» Data
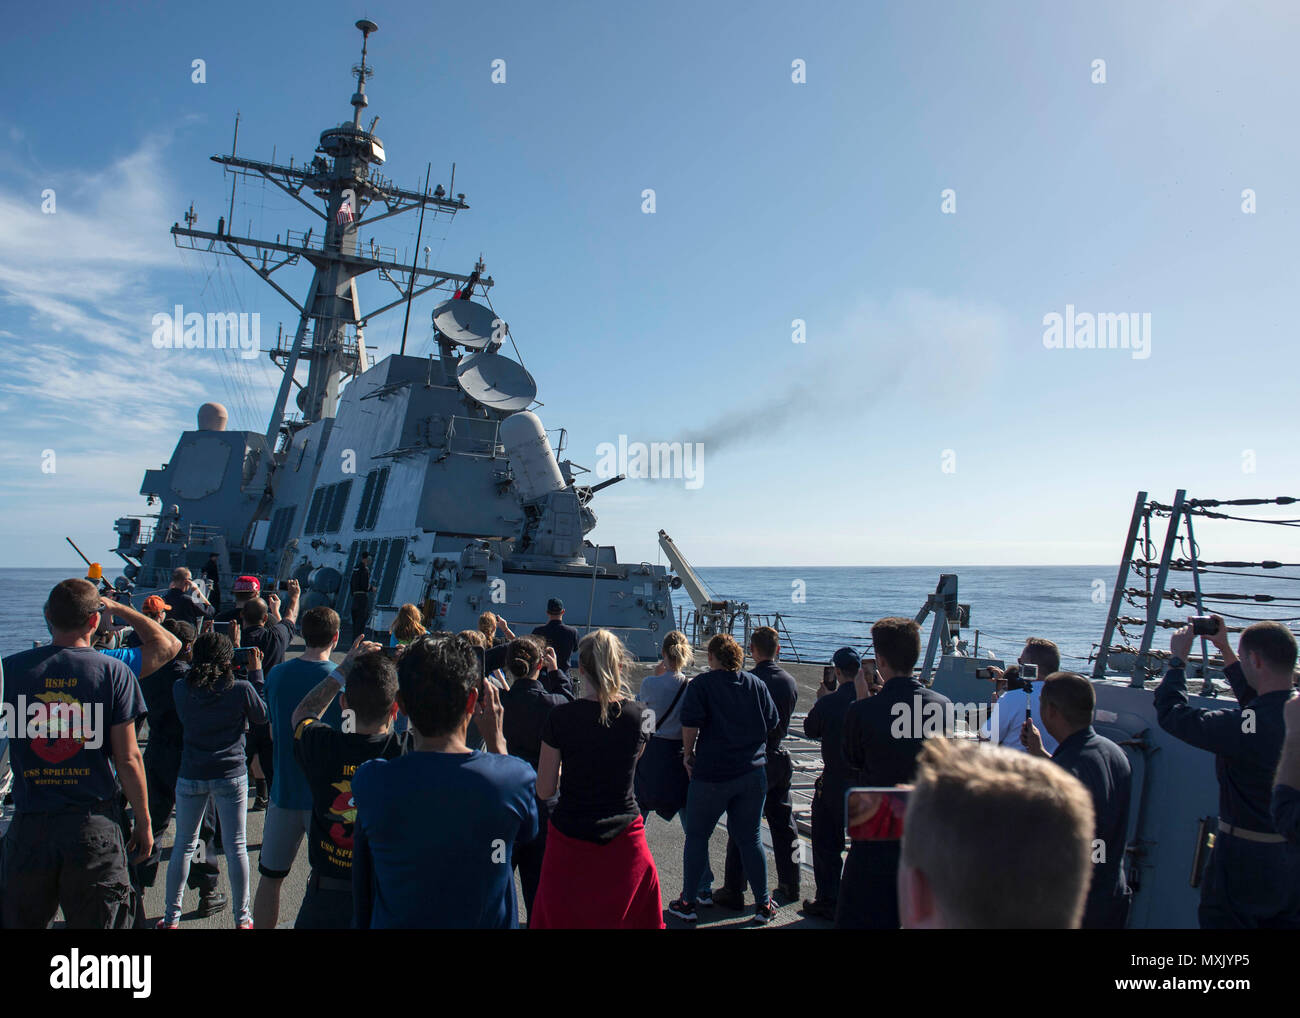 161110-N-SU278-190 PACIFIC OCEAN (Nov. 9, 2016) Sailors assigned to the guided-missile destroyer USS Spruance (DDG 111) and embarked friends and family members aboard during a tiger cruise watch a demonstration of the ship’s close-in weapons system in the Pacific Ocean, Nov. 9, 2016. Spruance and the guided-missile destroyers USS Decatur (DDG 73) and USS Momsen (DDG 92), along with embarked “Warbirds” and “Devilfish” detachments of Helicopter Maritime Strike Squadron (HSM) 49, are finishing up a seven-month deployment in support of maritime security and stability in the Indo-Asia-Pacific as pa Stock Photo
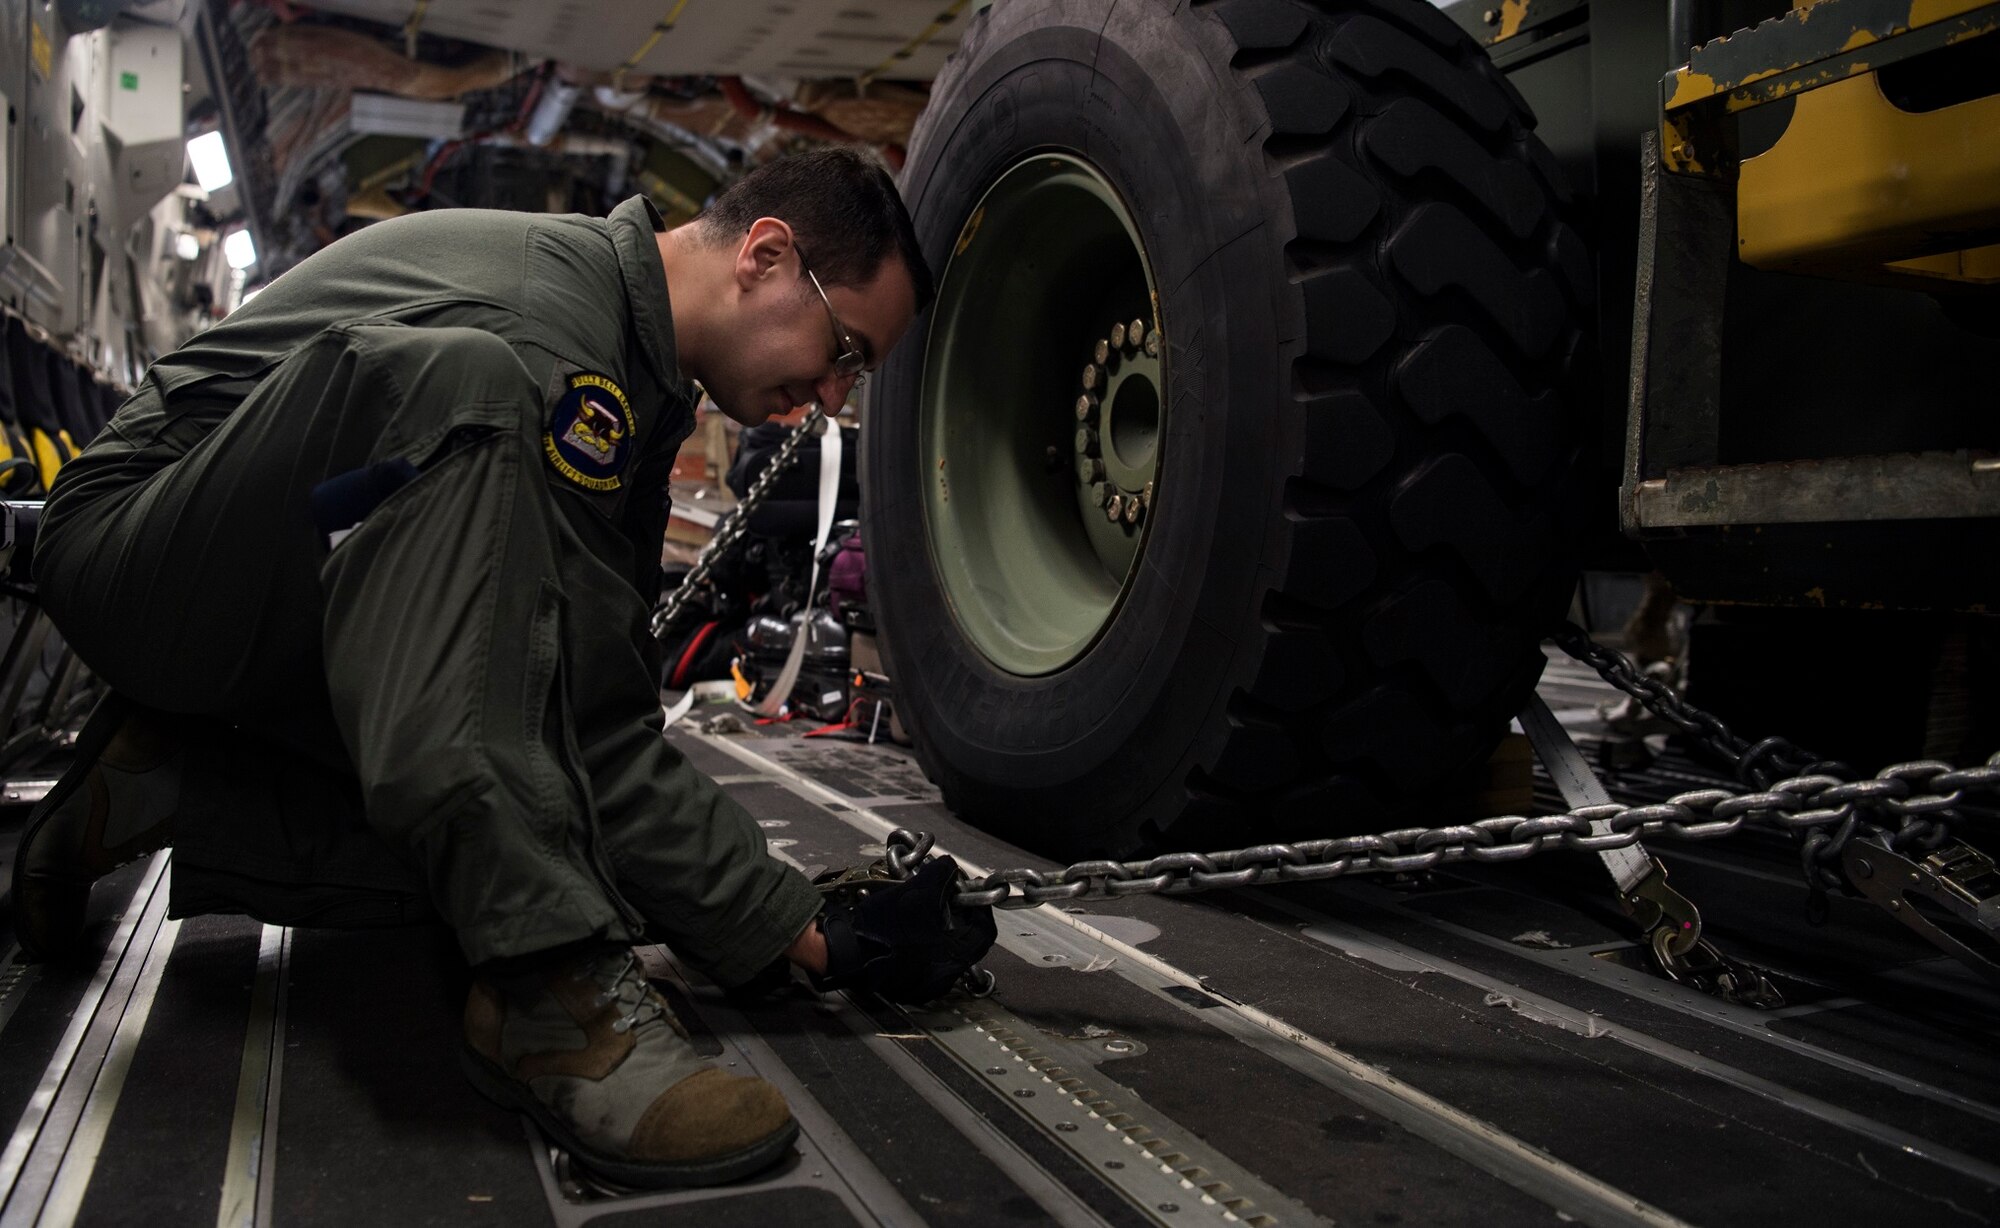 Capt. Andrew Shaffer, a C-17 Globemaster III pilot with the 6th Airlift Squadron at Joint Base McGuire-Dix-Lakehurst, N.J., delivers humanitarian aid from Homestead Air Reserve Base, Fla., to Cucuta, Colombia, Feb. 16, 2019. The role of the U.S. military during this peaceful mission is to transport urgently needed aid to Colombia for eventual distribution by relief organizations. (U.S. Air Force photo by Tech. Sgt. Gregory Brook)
...
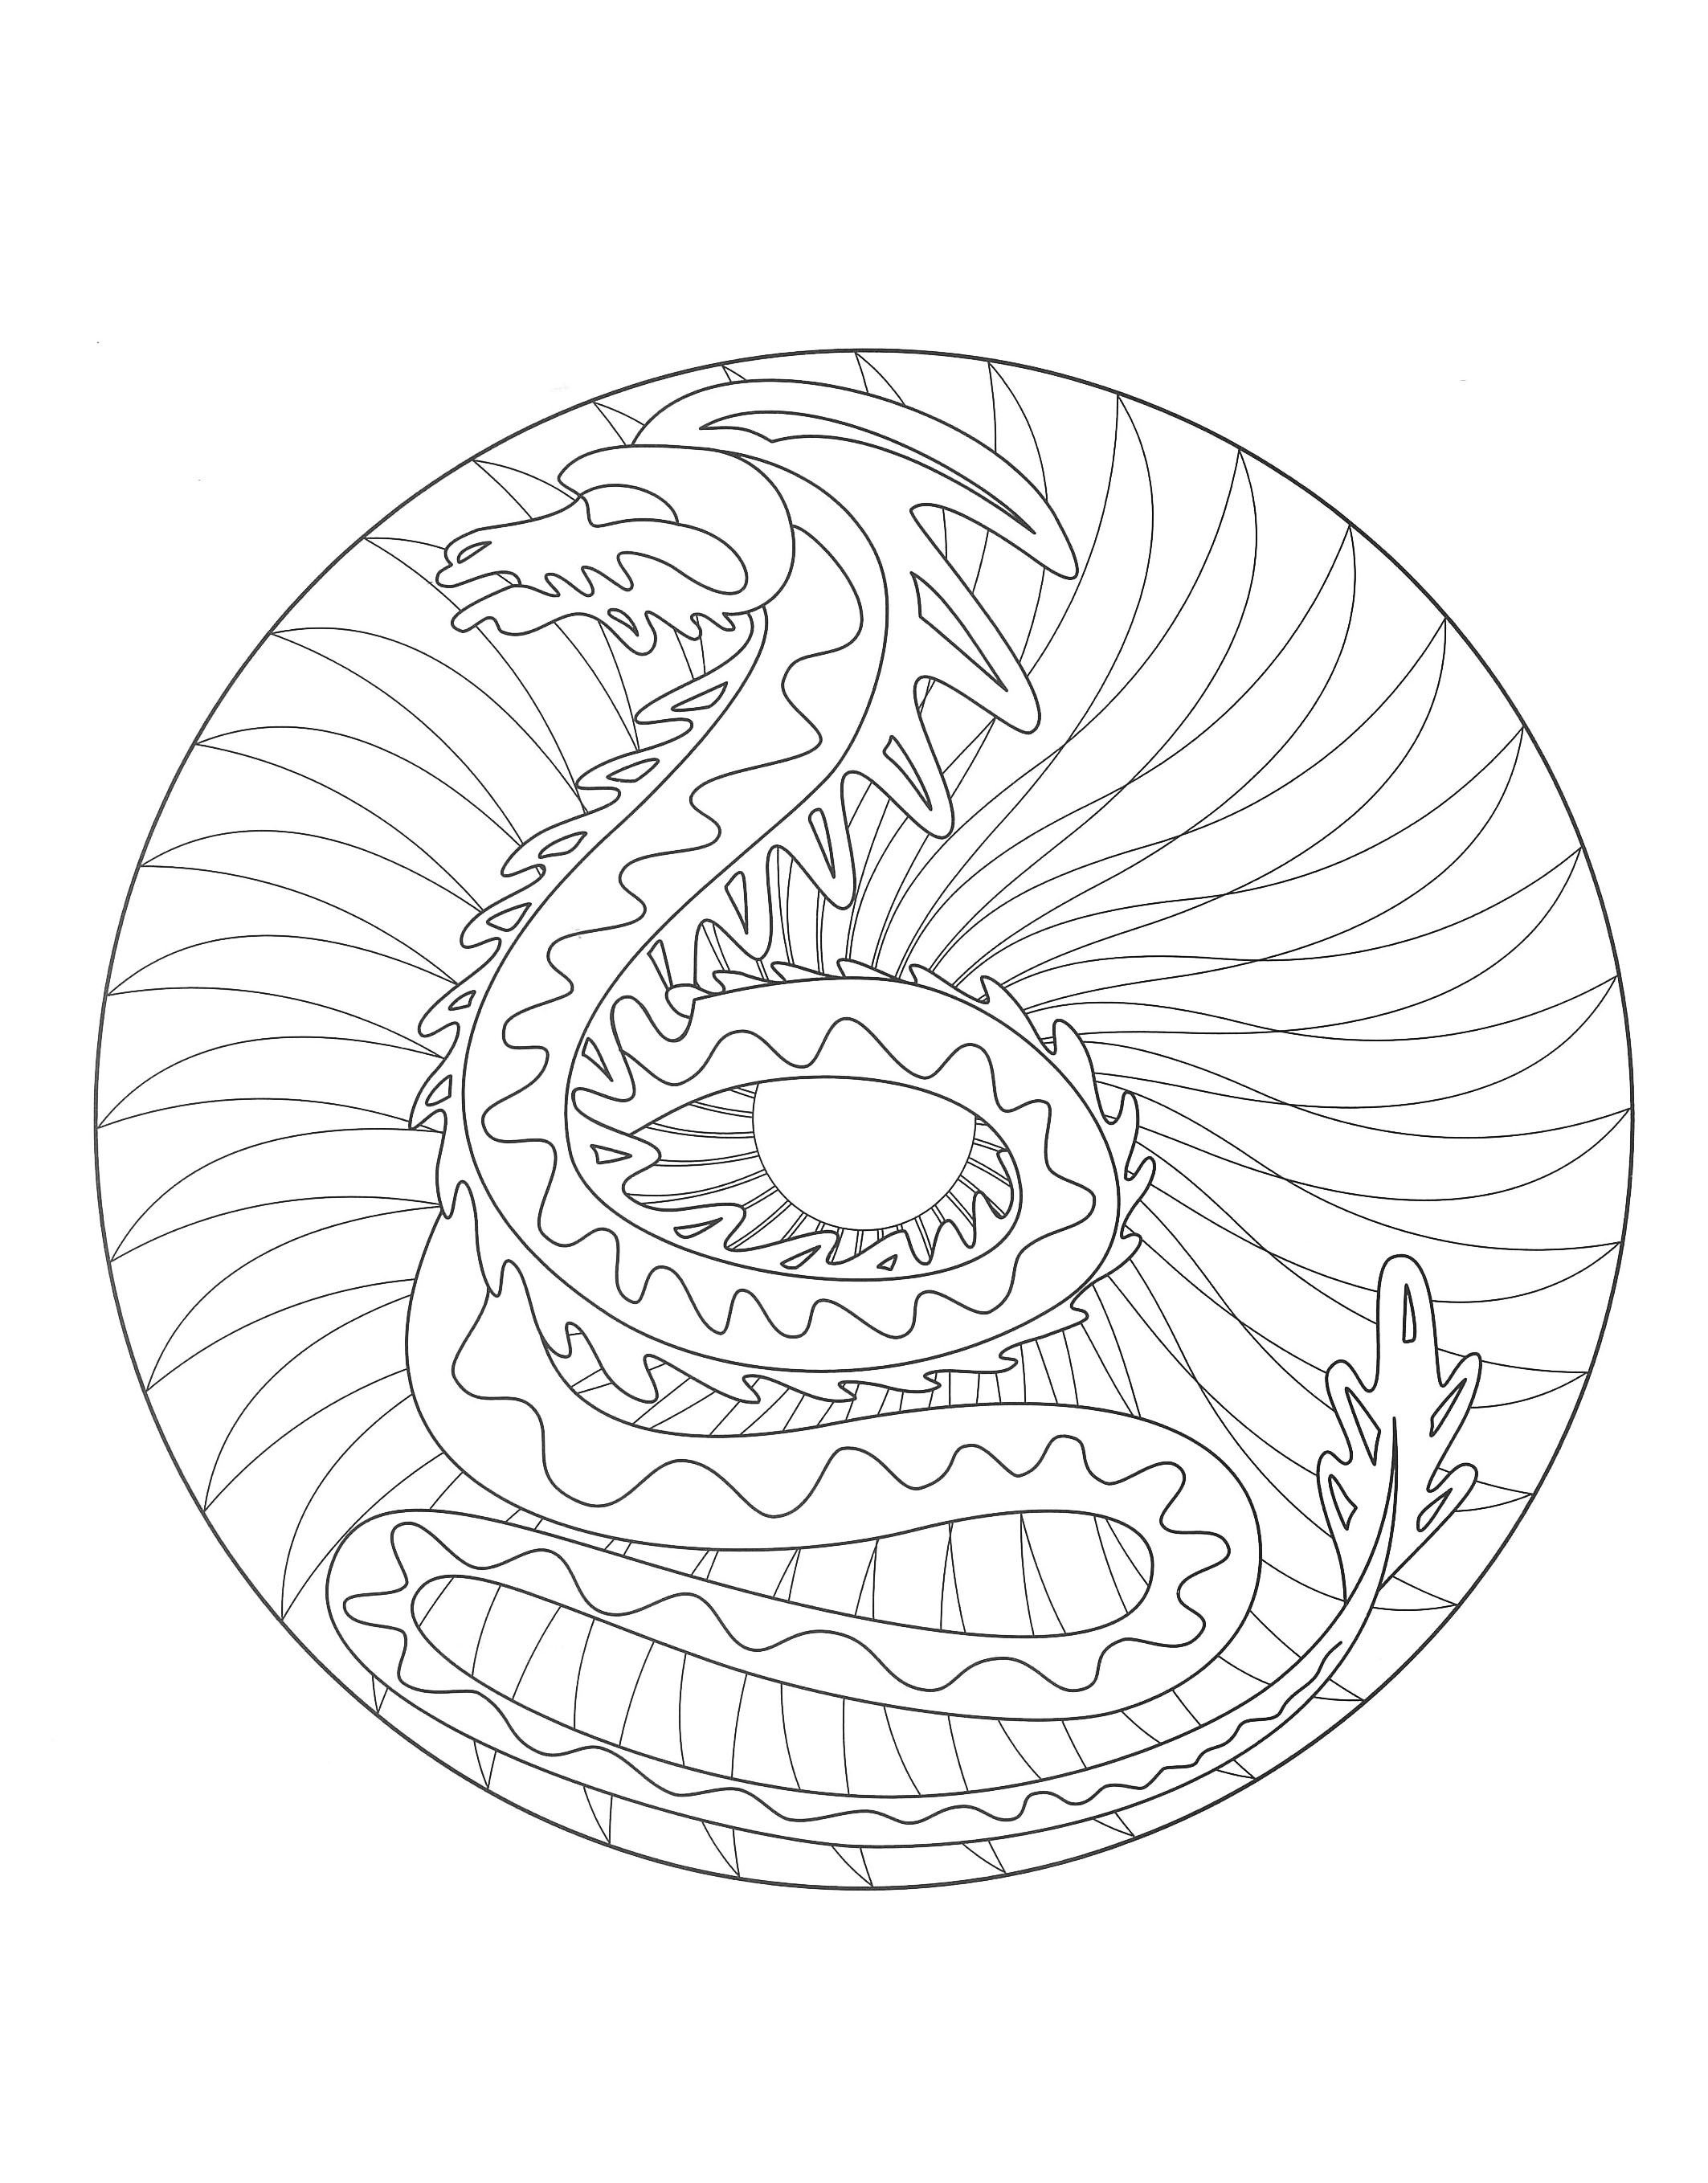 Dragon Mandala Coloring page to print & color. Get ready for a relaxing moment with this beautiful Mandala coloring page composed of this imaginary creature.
...
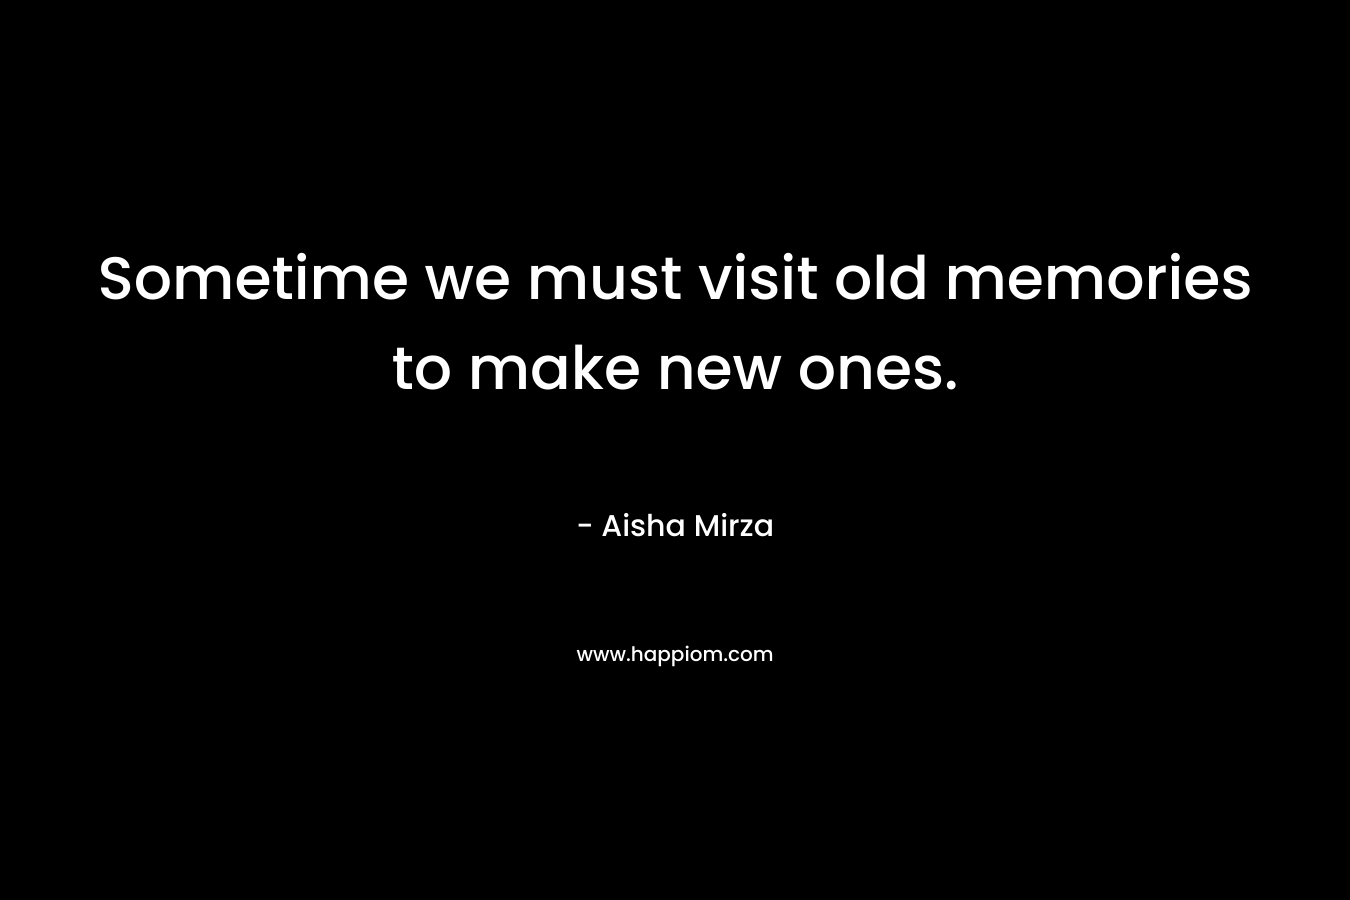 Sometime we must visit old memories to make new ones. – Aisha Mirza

» Exercise prompt
Copy nothing but the lines above from the one with "161110-N-SU278-190 PACIFIC OCEAN" to the one with "Capt. Andrew Shaffer, a", inclusive, word for word. Leave every picture out.

» Your response
 161110-N-SU278-190 PACIFIC OCEAN (Nov. 9, 2016) Sailors assigned to the guided-missile destroyer USS Spruance (DDG 111) and embarked friends and family members aboard during a tiger cruise watch a demonstration of the ship’s close-in weapons system in the Pacific Ocean, Nov. 9, 2016. Spruance and the guided-missile destroyers USS Decatur (DDG 73) and USS Momsen (DDG 92), along with embarked “Warbirds” and “Devilfish” detachments of Helicopter Maritime Strike Squadron (HSM) 49, are finishing up a seven-month deployment in support of maritime security and stability in the Indo-Asia-Pacific as pa Stock Photo
 Capt. Andrew Shaffer, a C-17 Globemaster III pilot with the 6th Airlift Squadron at Joint Base McGuire-Dix-Lakehurst, N.J., delivers humanitarian aid from Homestead Air Reserve Base, Fla., to Cucuta, Colombia, Feb. 16, 2019. The role of the U.S. military during this peaceful mission is to transport urgently needed aid to Colombia for eventual distribution by relief organizations. (U.S. Air Force photo by Tech. Sgt. Gregory Brook)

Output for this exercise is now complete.